5.4 It will be useful to consider whether goods under importation satisfies the definition of capital goods under the Foreign Trade Policy (FTP). Capital goods have been defined in the FTP under para 9.12 and read as under:-

“Capital Goods” means any plant, machinery, equipment or accessories required for manufacture or production, either directly or indirectly, of goods or for rendering services, including those required for replacement, modernisation, technological upgradation or expansion. It also includes packaging machinery and equipment, refractories for initial lining, refrigeration equipment , power generating sets, machine tools, catalysts for initial charge, plus one equipment and instruments for testing, research and development, quality and pollution control.”

“Capital Goods may be for use in manufacturing, mining, agriculture, aquaculture, animal husbandry, floriculture, horticulture, pisciculture, poultry, sericulture and viticulture as well as for use in services sector.”  

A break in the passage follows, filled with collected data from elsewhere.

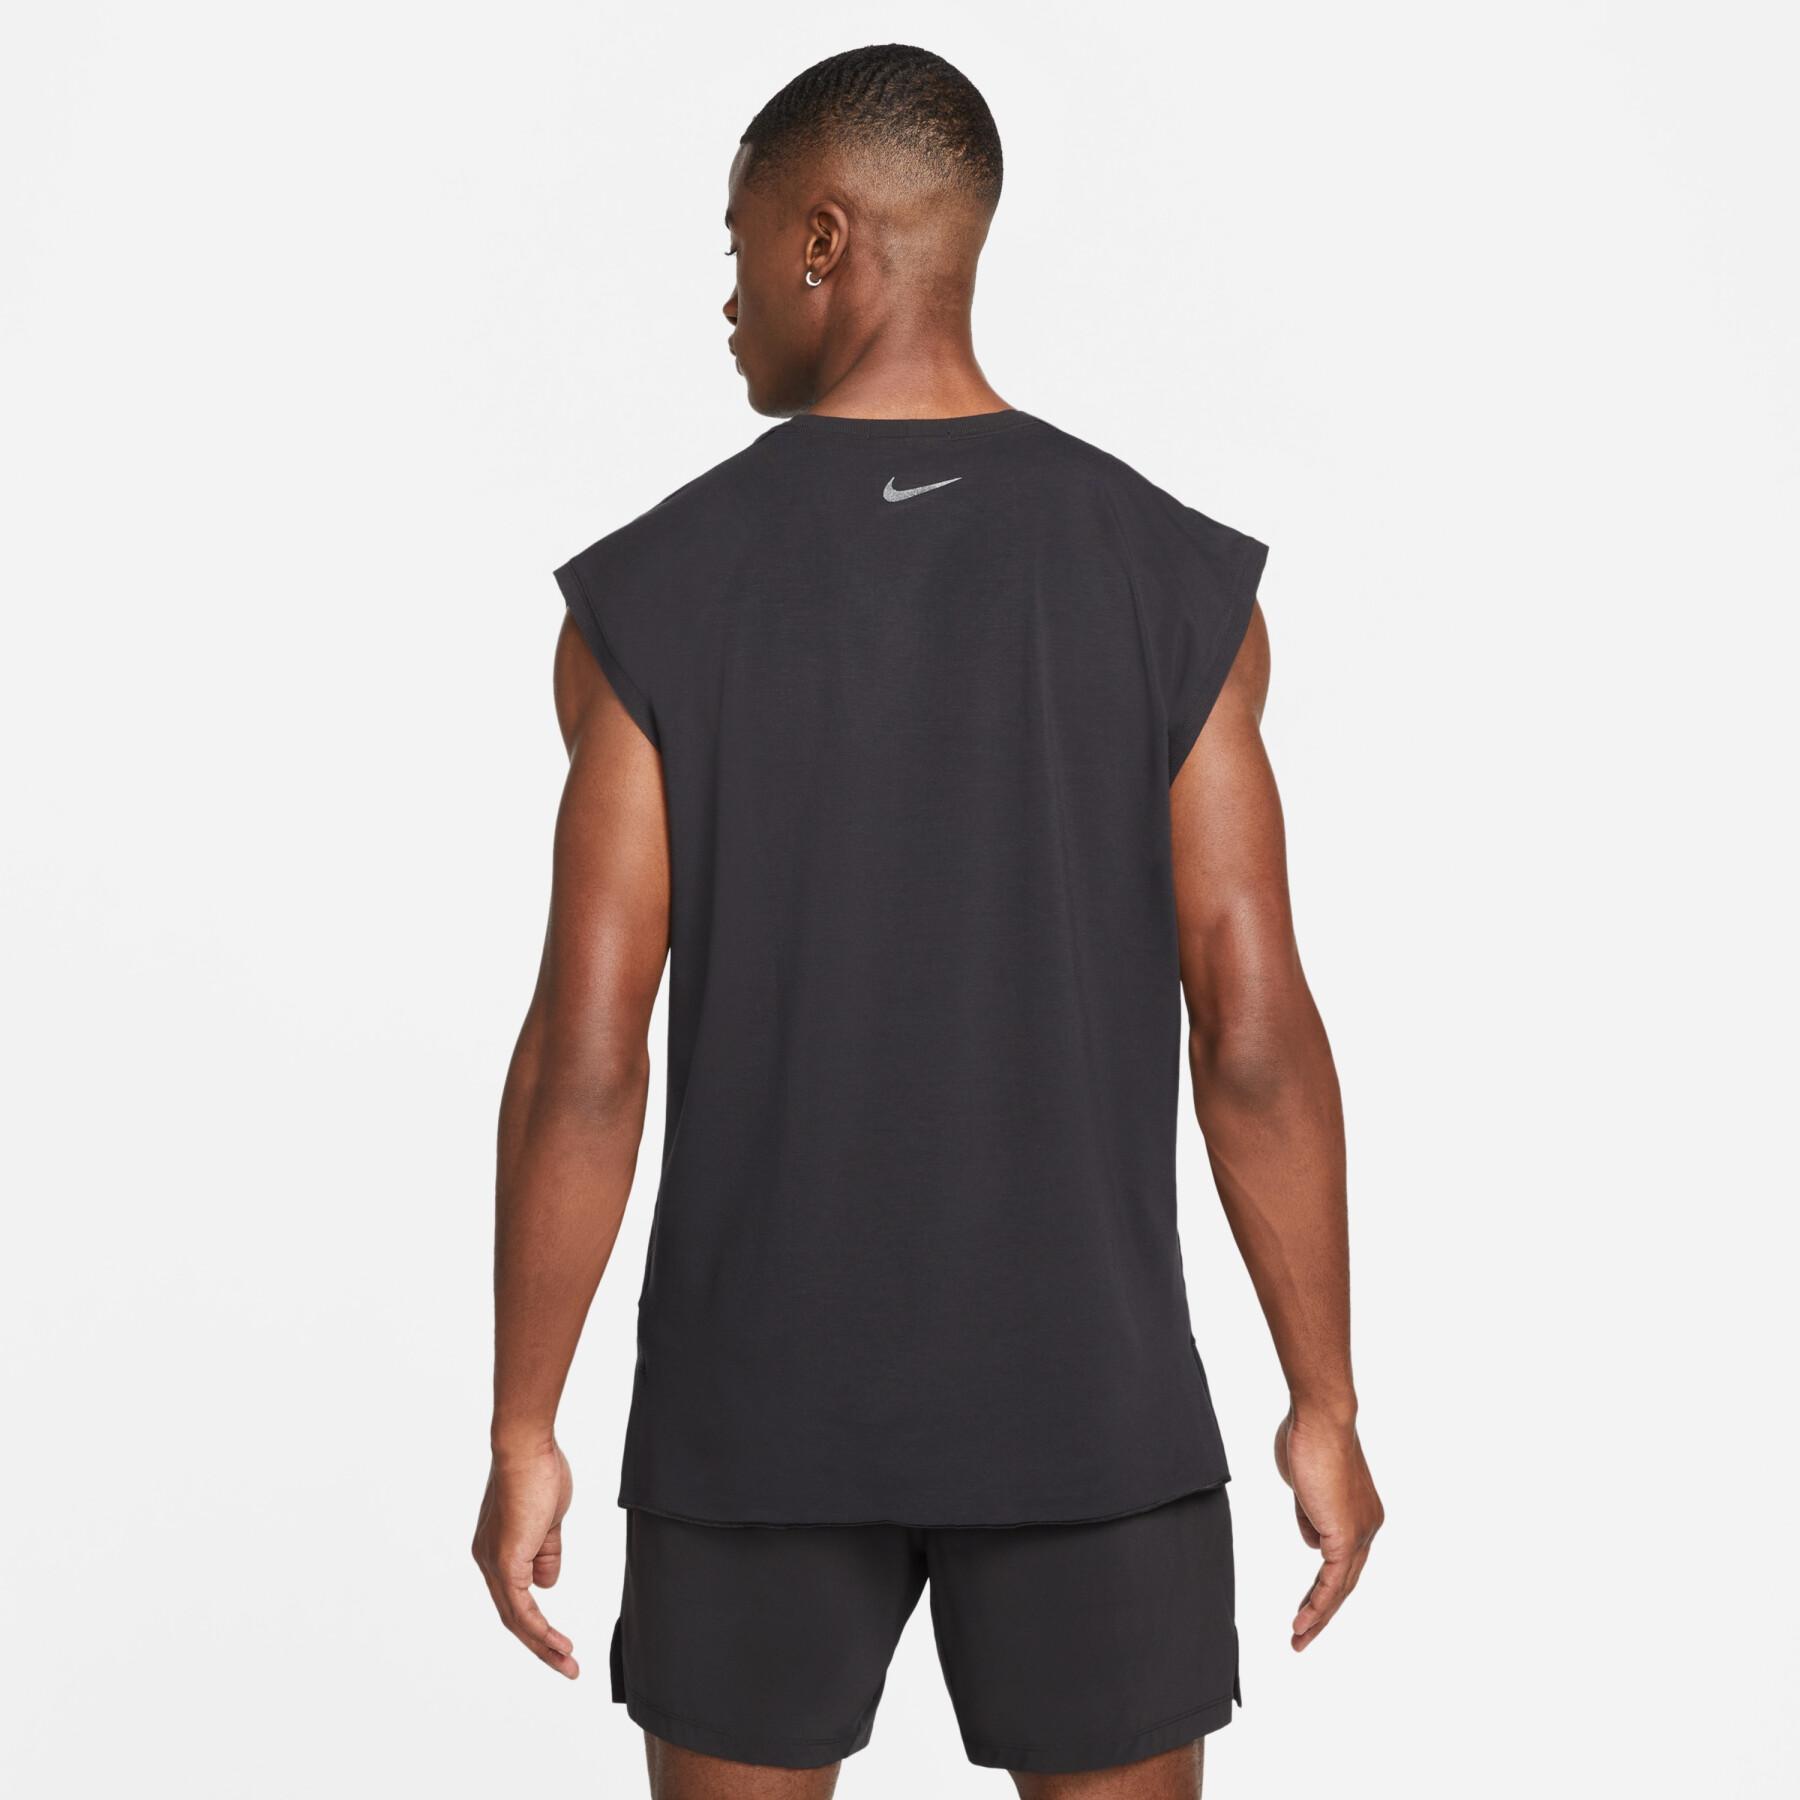 Camiseta de tirantes Nike Yoga Dri-FIT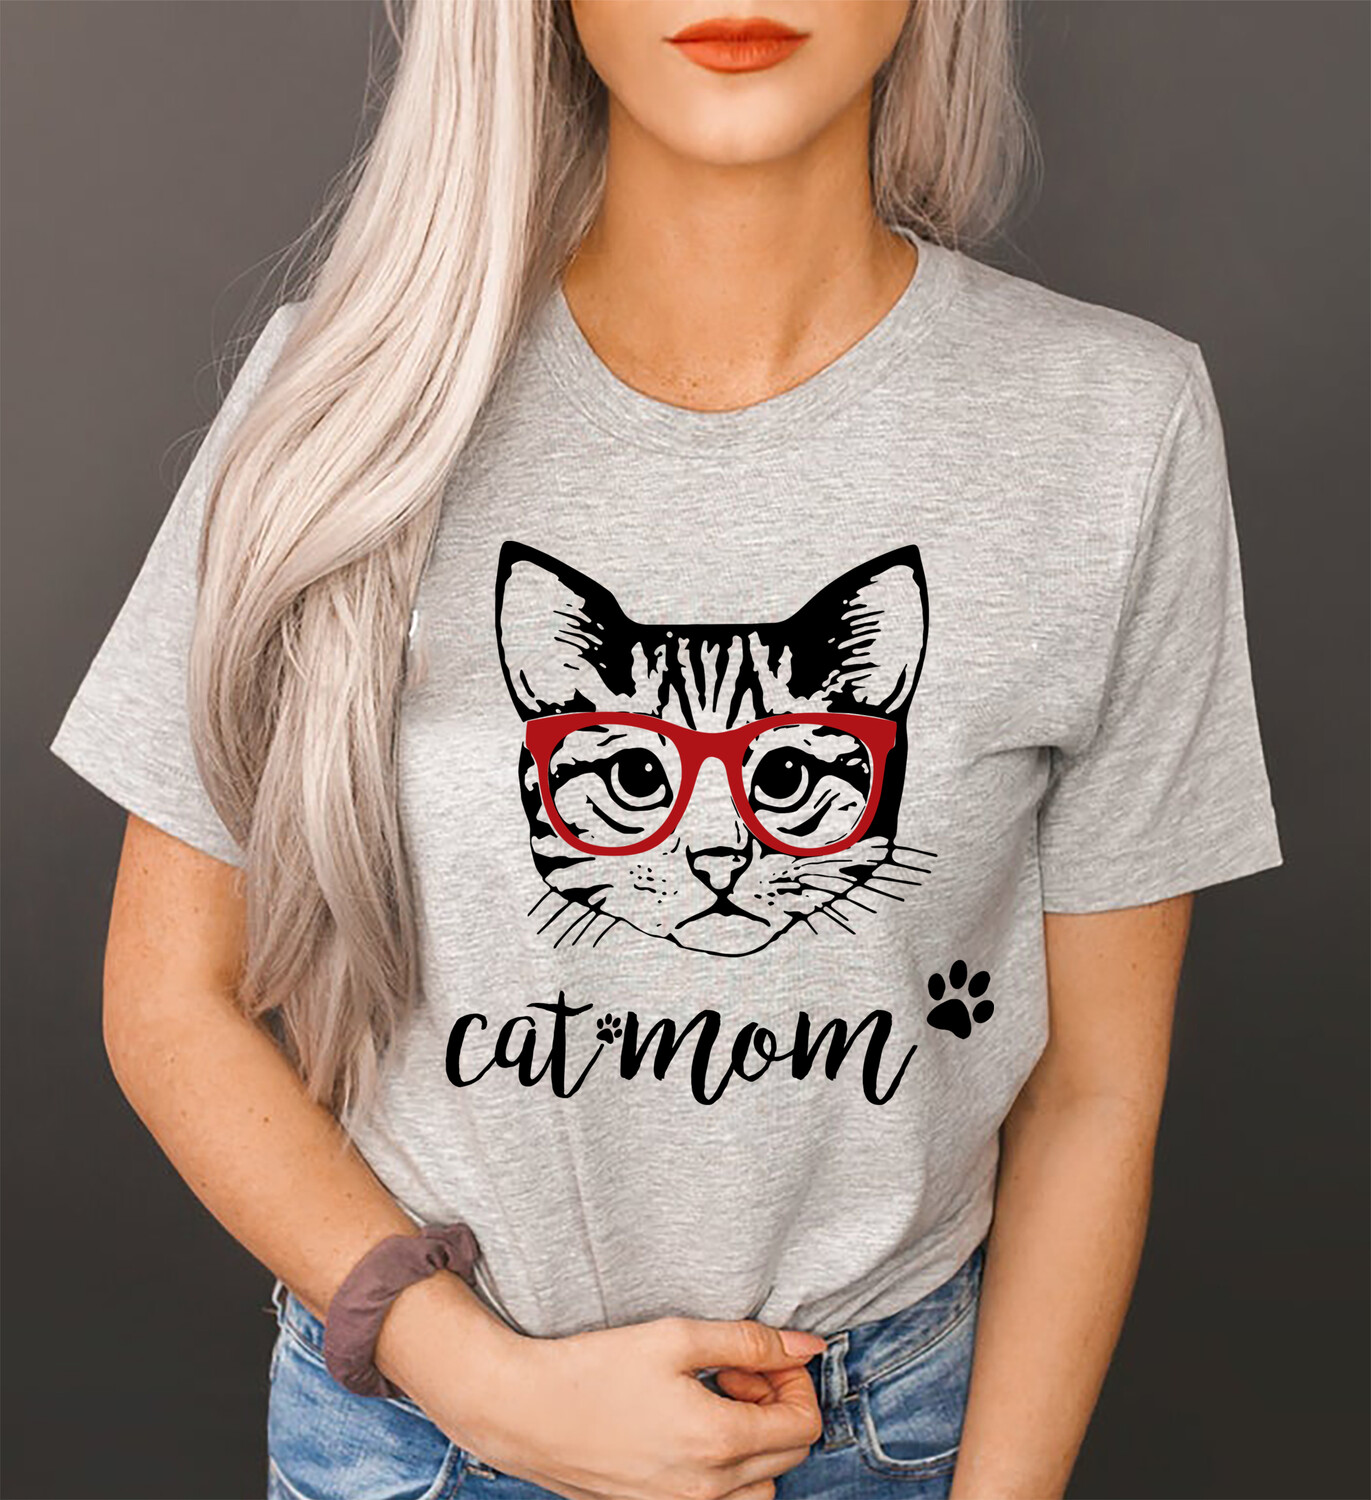 Cat Mom Shirt, Cute Women Shirt, Fur Mom, Fur Mama, Fur Momma, Gift for Her, Crazy Cat Lady shirt, Cat Shirt, cat lover shirt - Unisex T-shirt hoodie Sweatshirt - Gift for mother's day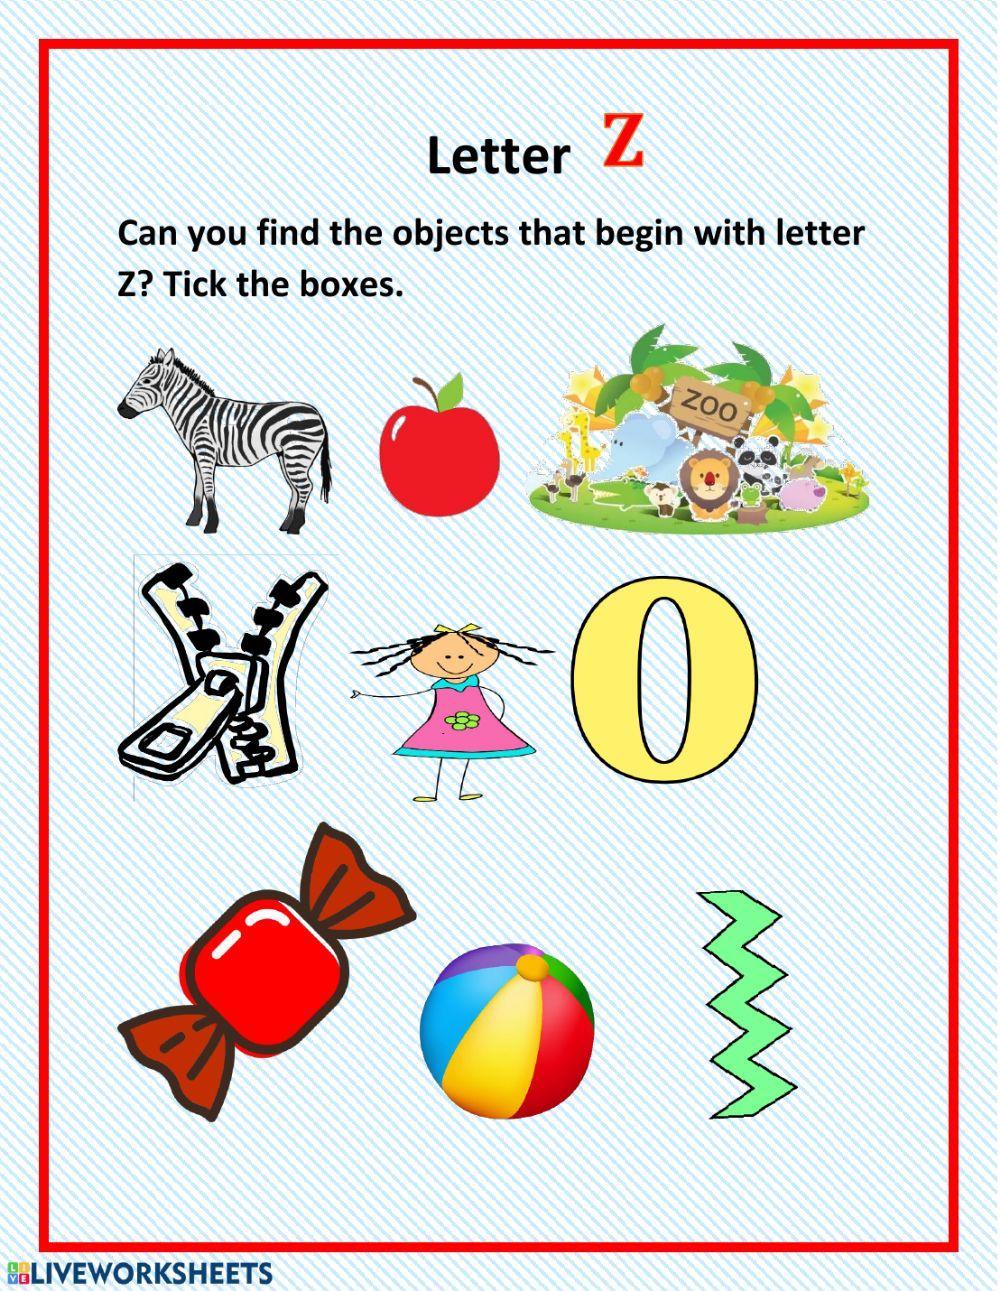 Letter Z activity

5.5 From the definition given above, the capital goods have plant, machinery or equipment or accessories thereto, required for manufacture or production of goods. In the instant case it is abundantly clear that the impugned goods does not satisfy this definition. The definition does not include storage bins either explicitly or by implication. Thus if the import item cannot be considered as capital goods, the question of its coverage under Export Promotion Capital Goods (EPCG) Scheme would not arise at all. Thus viewed from the foreign trade policy angle also, the appellant does not have a case at all. The appellant's reliance on the case laws do not held for the reason that all these case laws dealt with a situation prior to alignment of ITC policy with HS Code when the emphasis was on description and not on any product code, which is not the position in the present case.”

Holding that there was no merit in the appeal, the same is dismissed.